Capítulo veintitrés del libro Reglas para no enamorarse

¿Cómo está? —oyó decir a una voz familiar, colándose lentamente en su negra inconsciencia, hasta que los fragmentos de conversaciones le llegaron con nitidez.

—Creo que bien, tía. El médico dijo que su corazón sufrió palpitaciones muy fuertes, y eso sumado a la enorme ingesta de alcohol le provocaron la pérdida del conocimiento, solo debe descansar —respondió, con tono preocupado, Lizzy.

—Eso está bien, porque este muchacho me debe una explicación. Esta noche terminó en tragedia, juro que faltó poco para que estirase la pata cuando vi aparecer en el salón a mi sobrina fuera de sí, despeinada y con su vestido de novia desgarrado. Y eso sin contar el enfrentamiento con ese joven misterioso, al que tienen encerrado —rebatió, con acritud, lady Asthon.

Sebastien, quien ya había despertado y se mantenía inmóvil, intentando reunir fuerzas, abrió los ojos y se incorporó de golpe. Un dolor punzante y agudo cruzó su cráneo, pero lo ignoró, apartó las mantas y bajó los pies al suelo alfombrado.
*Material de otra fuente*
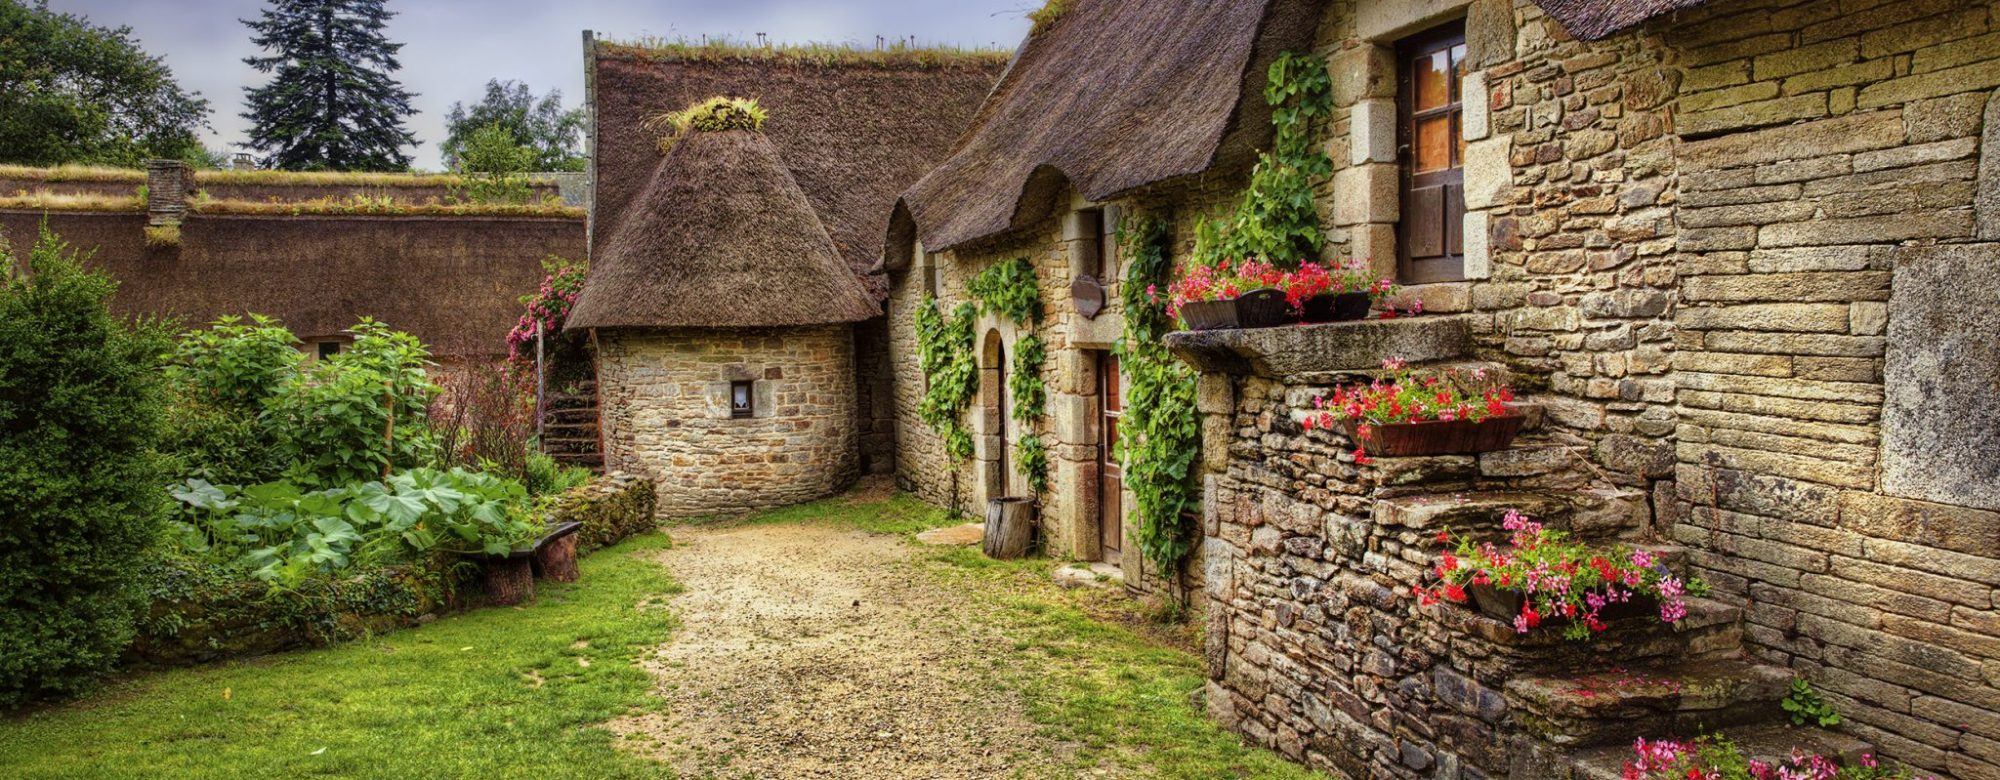 Habitation du village de Poul Fetan, Quistinic

—Sebastien, despertaste, ¡espera, no debes levantarte! El doctor dejó indicaciones sobre… —Su hermana calló al ver su rostro desencajado.
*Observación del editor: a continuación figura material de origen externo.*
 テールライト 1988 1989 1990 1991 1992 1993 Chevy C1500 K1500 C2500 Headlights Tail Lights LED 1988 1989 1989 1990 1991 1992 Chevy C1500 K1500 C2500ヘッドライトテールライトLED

¿Dónde está mi esposa? —preguntó con urgencia—. ¿¡Dónde está ella!? —demandó frenético, dejando a la duquesa anonadada.

—Le sirvieron un té de hierbas, pues Emily estaba muy afectada, y la instalaron en la habitación al final del pasillo. Pero lo mejor será que esperes hasta…

Sebastien no se quedó a oír el resto. Apresuradamente, cruzó el pasillo y arribó a la alcoba indicada. Su pecho ardía y su cuerpo temblaba tanto, que por momentos su visión se oscurecía. Sin perder más tiempo, entró en el cuarto y sus ojos encontraron la cama vacía. Traspasó la entrada y cerró la puerta con llave. A continuación, fijó su vista en la ventana y allí la encontró. Se había quedado dormida, acurrucada en posición fetal. Ya no llevaba su vestido, sino una bata de seda gris por la que se adivinaba la tela del camisón color burdeos. Sebastien cruzó la habitación y se detuvo frente a ella. Su rostro estaba marcado por el rastro de su llanto, y él pensó que no la había visto llorar desde hace mucho tiempo. No desde esa tarde, cinco años atrás, cuando todo había cambiado y su historia de odio y sufrimiento había empezado.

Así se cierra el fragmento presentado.